- Interactive map of Cai Lậy
- Country: Vietnam
- Region: Mekong Delta
- Province: Đồng Tháp
- Establish: June 16, 2025

Area
- • Total: 26 km^{2} (10 sq mi)

Population (2024)
- • Total: 34,117 people
- • Density: 1,300/km^{2} (3,400/sq mi)
- Area code: 28439

= Cai Lậy, Đồng Tháp =

Cai Lậy is a ward in Đồng Tháp province, Vietnam. This is one of 102 communes and wards in the province.

== Geography ==
Cai Lậy is a ward located in the eastern part of Đồng Tháp province, 30 km west of Mỹ Tho ward and about 70 km east of Cao Lãnh ward.
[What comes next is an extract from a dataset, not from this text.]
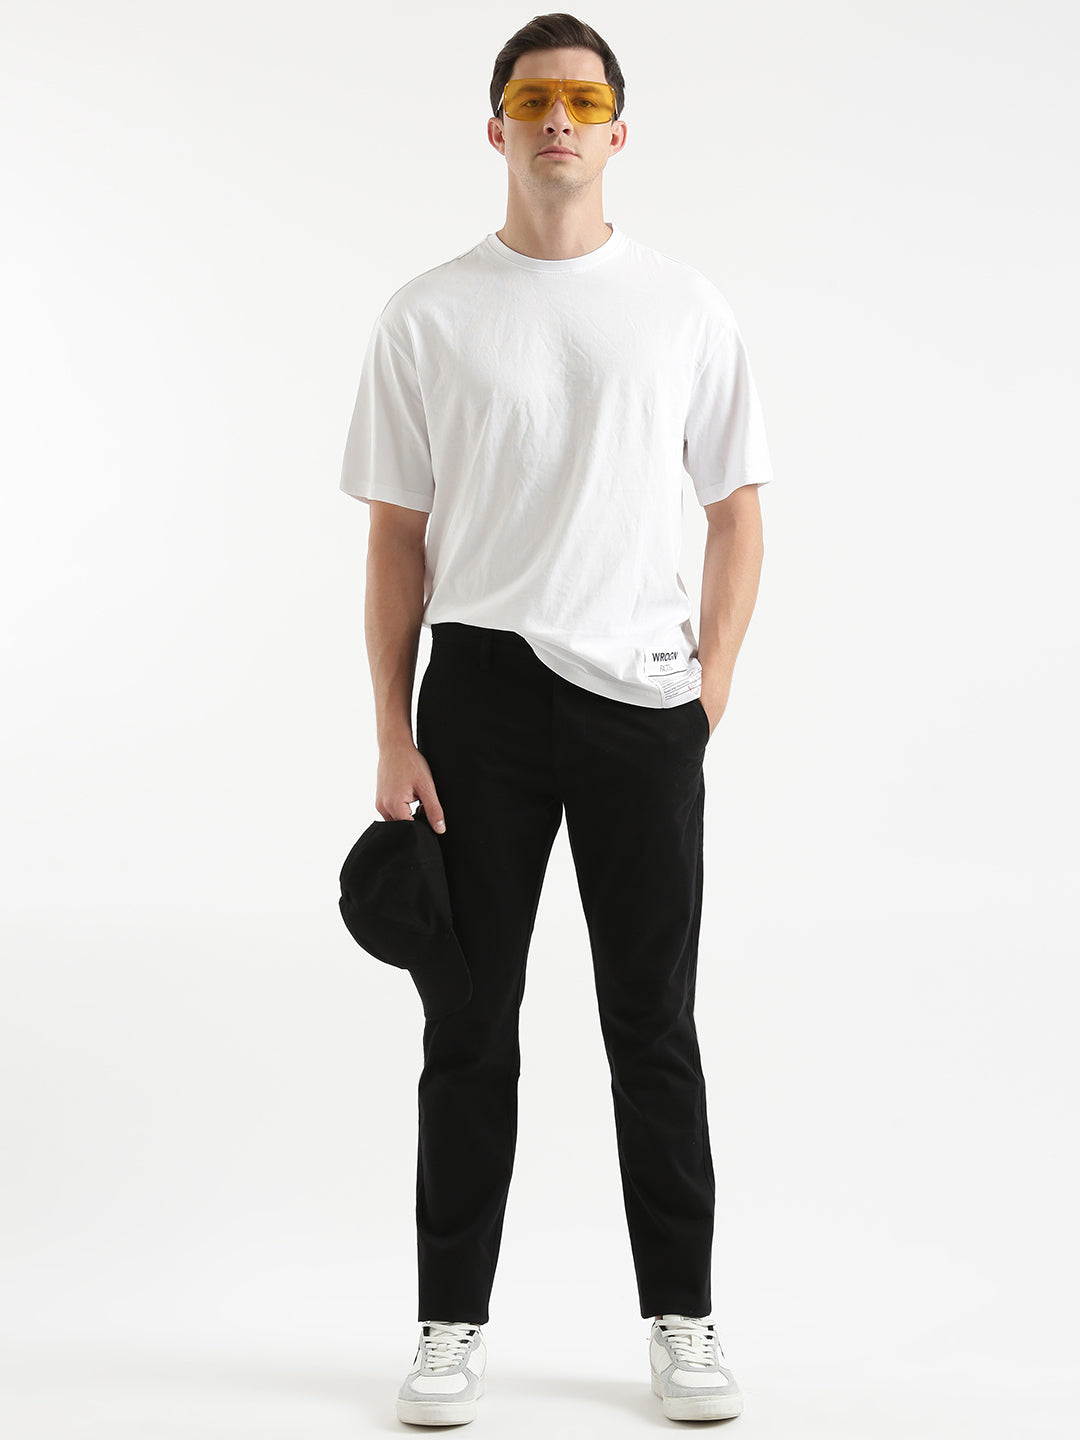 Classic Solid Pant

The ward has the following geographical location:

- To the east, it borders Nhị Quý ward
- To the northwest, it borders Thanh Hòa.
- To the south, it borders the Long Tiên commune.
- To the north, it borders Mỹ Phước Tây ward.

== History ==
Prior to 2025, the ward was part of Cai Lậy district-level town, Tiền Giang province.

On June 12, 2025, the National Assembly of Vietnam issued Resolution No. 202/2025/QH15 on the rearrangement of provincial-level administrative units. Accordingly, the entire natural area and population size of Tiền Giang province and Đồng Tháp province will be combined into a new province called Đồng Tháp province.

On June 16, 2025, the Standing Committee of the 15th National Assembly issued Resolution No. 1663/NQ-UBTVQH15 on the rearrangement of commune-level administrative units in Đồng Tháp province in 2025. Accordingly:
- Cai Lậy ward was established by merging the entire area and population of Ward 4, Ward 5, and Long Khánh commune in Cai Lậy district-level town.